Reasons the Chinese Bubble Is About to Pop
#1 — Weakening Chinese Economy
In Q1, GDP grew at 7%. While that would be a great number for the U.S., it’s actually pretty awful for China — the slowest growth rate since 2009. After all, the government has been aggressively pumping up monetary policy – with three rate drops in 2015 – and has increased infrastructure spending.
But the fact is that there are some major headwinds, such as the unwinding of the real estate bubble. In the latest quarter, housing prices plunged by 9.1%. There was also deceleration in industrial production, retail sales and exports.
Other historical bubbles — such as the U.S. real estate implosion of 2007 — are often marked by weakening economic activity. That weakness results in much lower earnings as well as increased fear for investors.
#2 — Stocks Going Parabolic
At the latter stages of a stock bubble, there is usually a massive surge in stock prices. And yes, Chinese stocks have been in this phase for 2015.
Consider that the Shanghai Composite is up 38%, and Shenzhen Composite has clocked a return of 94%. On a combined basis, Chinese stocks are trading at a nose-bleed 84 times forward earnings — which double the valuation of Chinese stocks in 2007. By comparison, Facebook (FB) has a multiple of 31 and Twitter (TWTR) is considered very expensive at 54.

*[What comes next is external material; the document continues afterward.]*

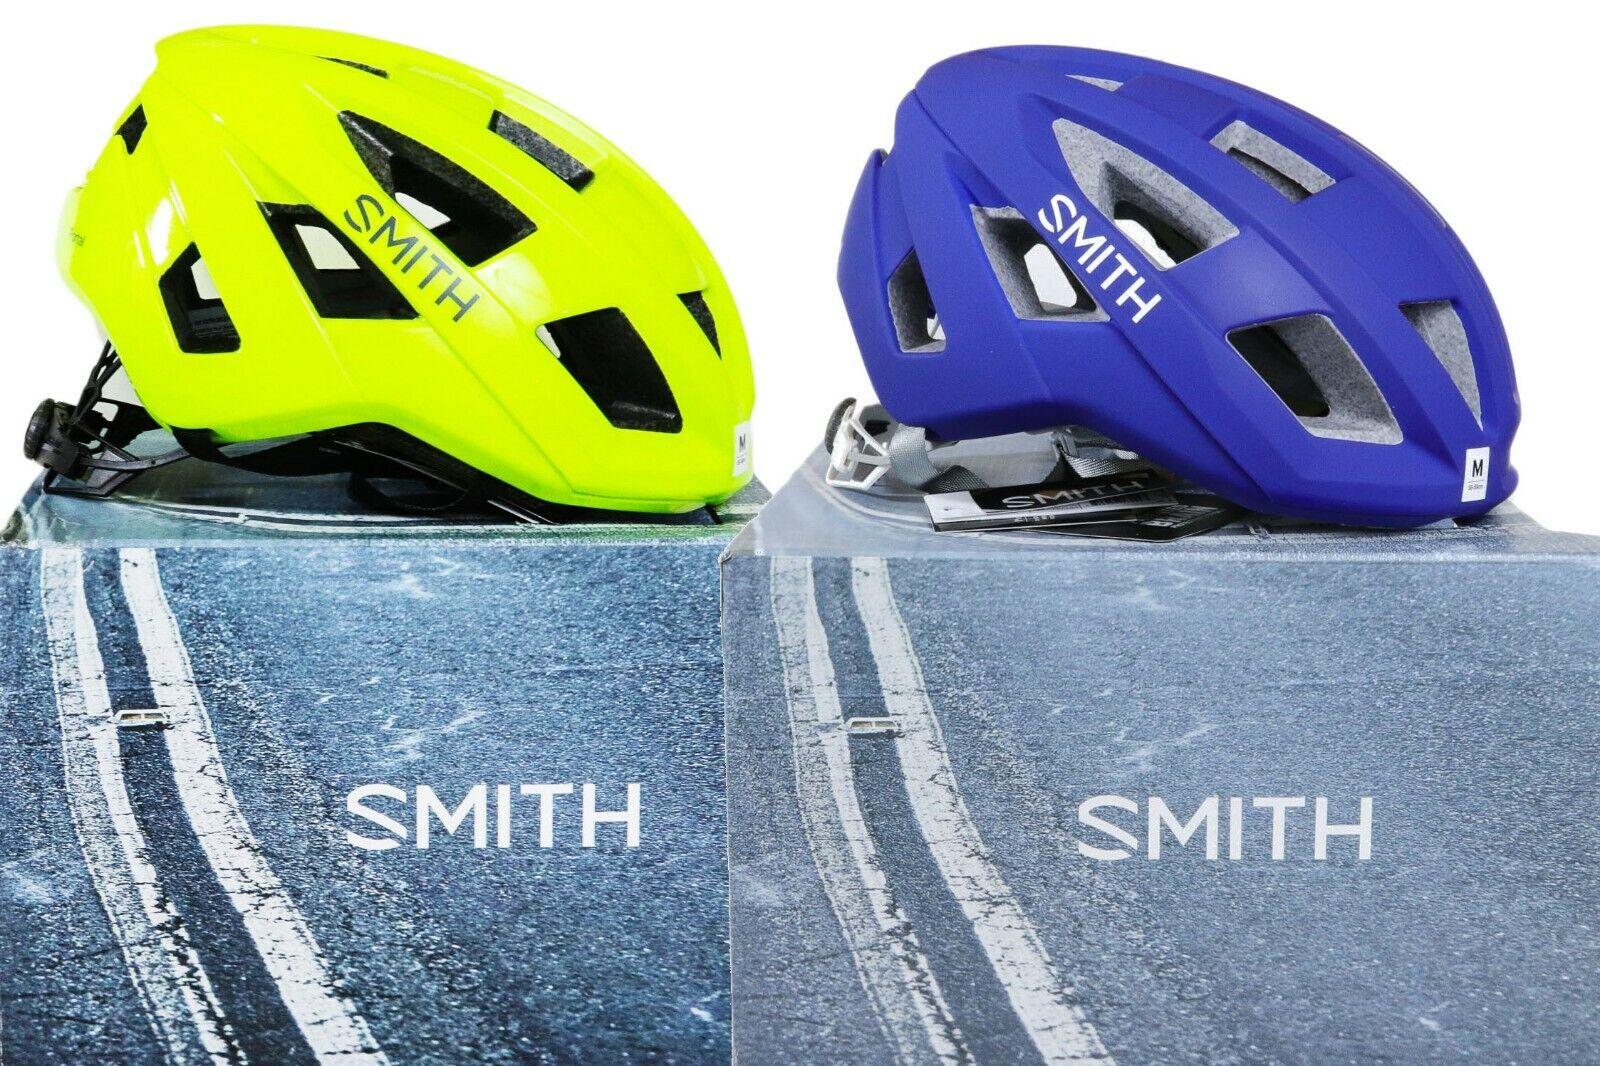 nouveau smith mips bicycle helmet portal choose your colour and Taille-bleu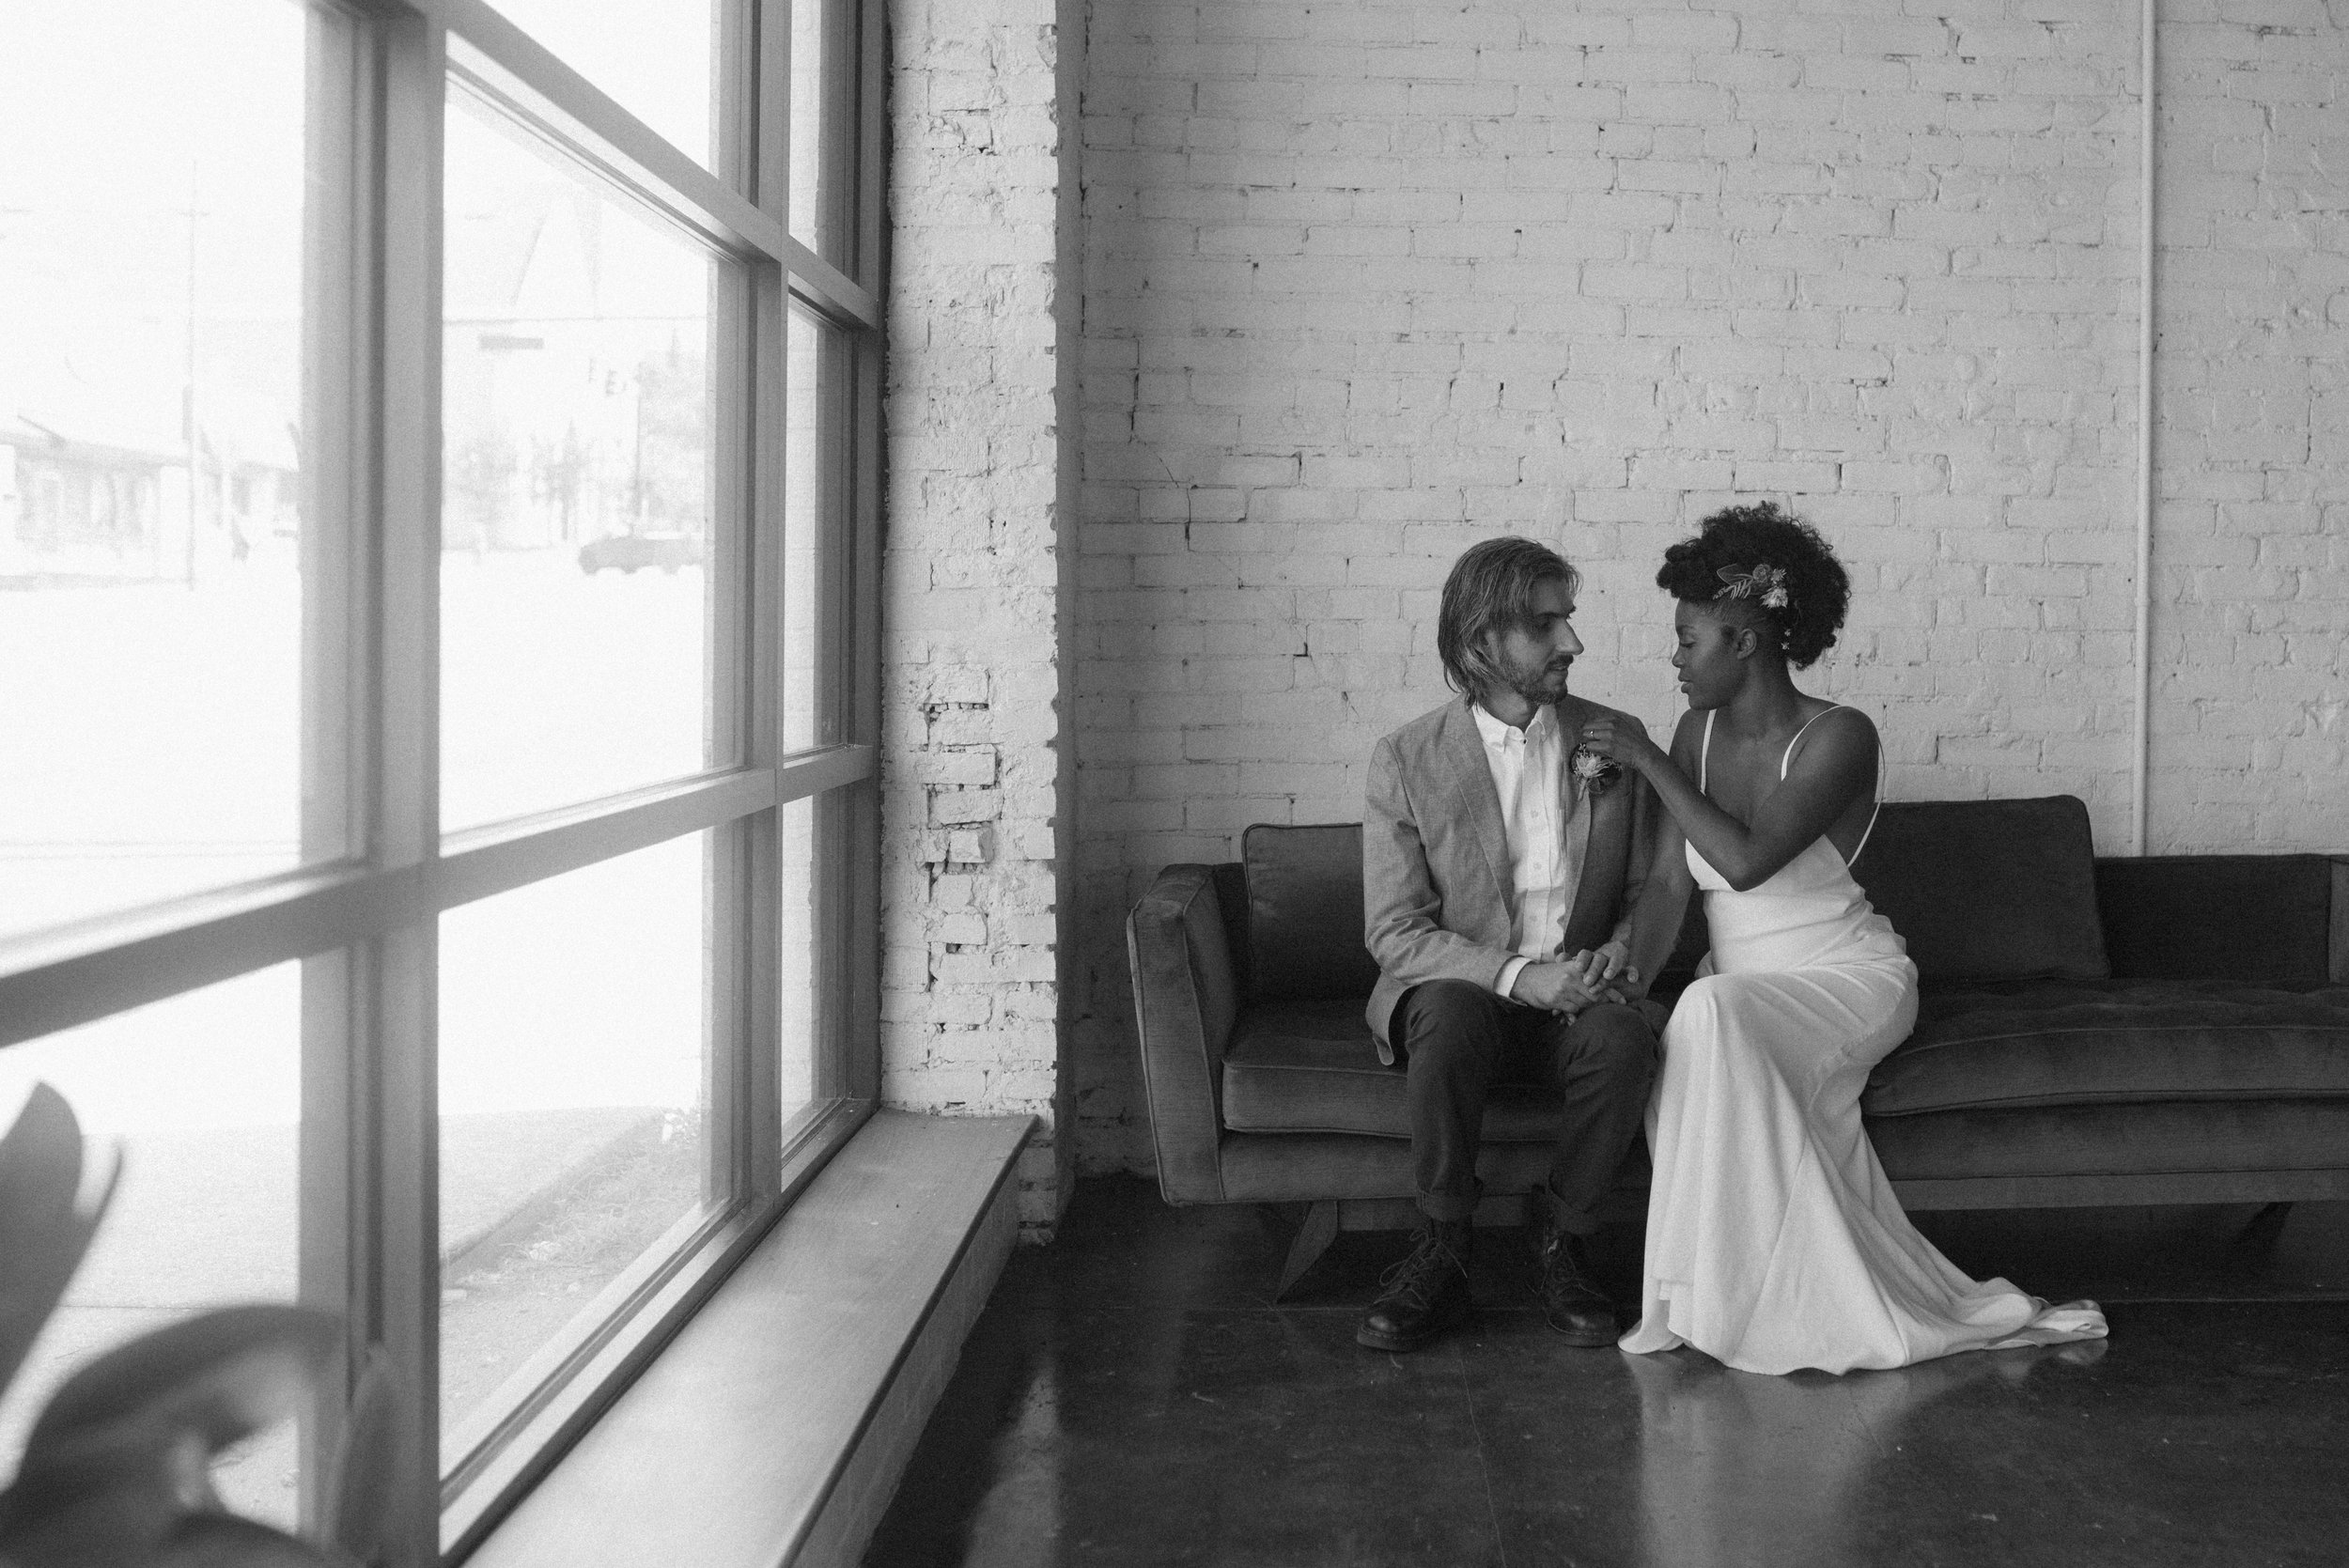 haus-820-minimal-editorial-wedding-styled-shoot-5.jpg

The total market value of Chinese stocks is roughly 1.1 times the GDP. That number is approaching the level that Chinese stocks reached during their 2007 peak.
#3 — Retail Mania
Before the 1929 crash, Joseph P. Kennedy, Sr., noted: “I knew it was time to sell when my shoeshine boy gave me a stock tip.”
This is all part of the “greater fool theory.” That is, when inexperienced investors jump into the stock market, it’s usually a sign that a bubble is forming.
As for China, there has been a frenzy of activity from retail investors. While new brokerage accounts came to 200,000 per a week from 2010 to 2014, they have since gone into hyperdrive. Early in June, there were 4.5 million opened! Up to 90% of daily trading volume comes from retail investors.
Debt has also been a factor. For example, margin is now at an annualized 6% of GDP, which is double the level at the beginning of the year. Keep in mind that the Chinese government has introduced programs to make it easier for investors to borrow larger sums.
How to Play a Chinese Bubble
Short selling is the process of making money when the value of a stock falls. This is done by borrowing the shares and selling them. Then, you later buy them back — hopefully after the stock falls. With Chinese stocks, you can short an exchange-traded fund (ETF) that tracks a basket of stocks.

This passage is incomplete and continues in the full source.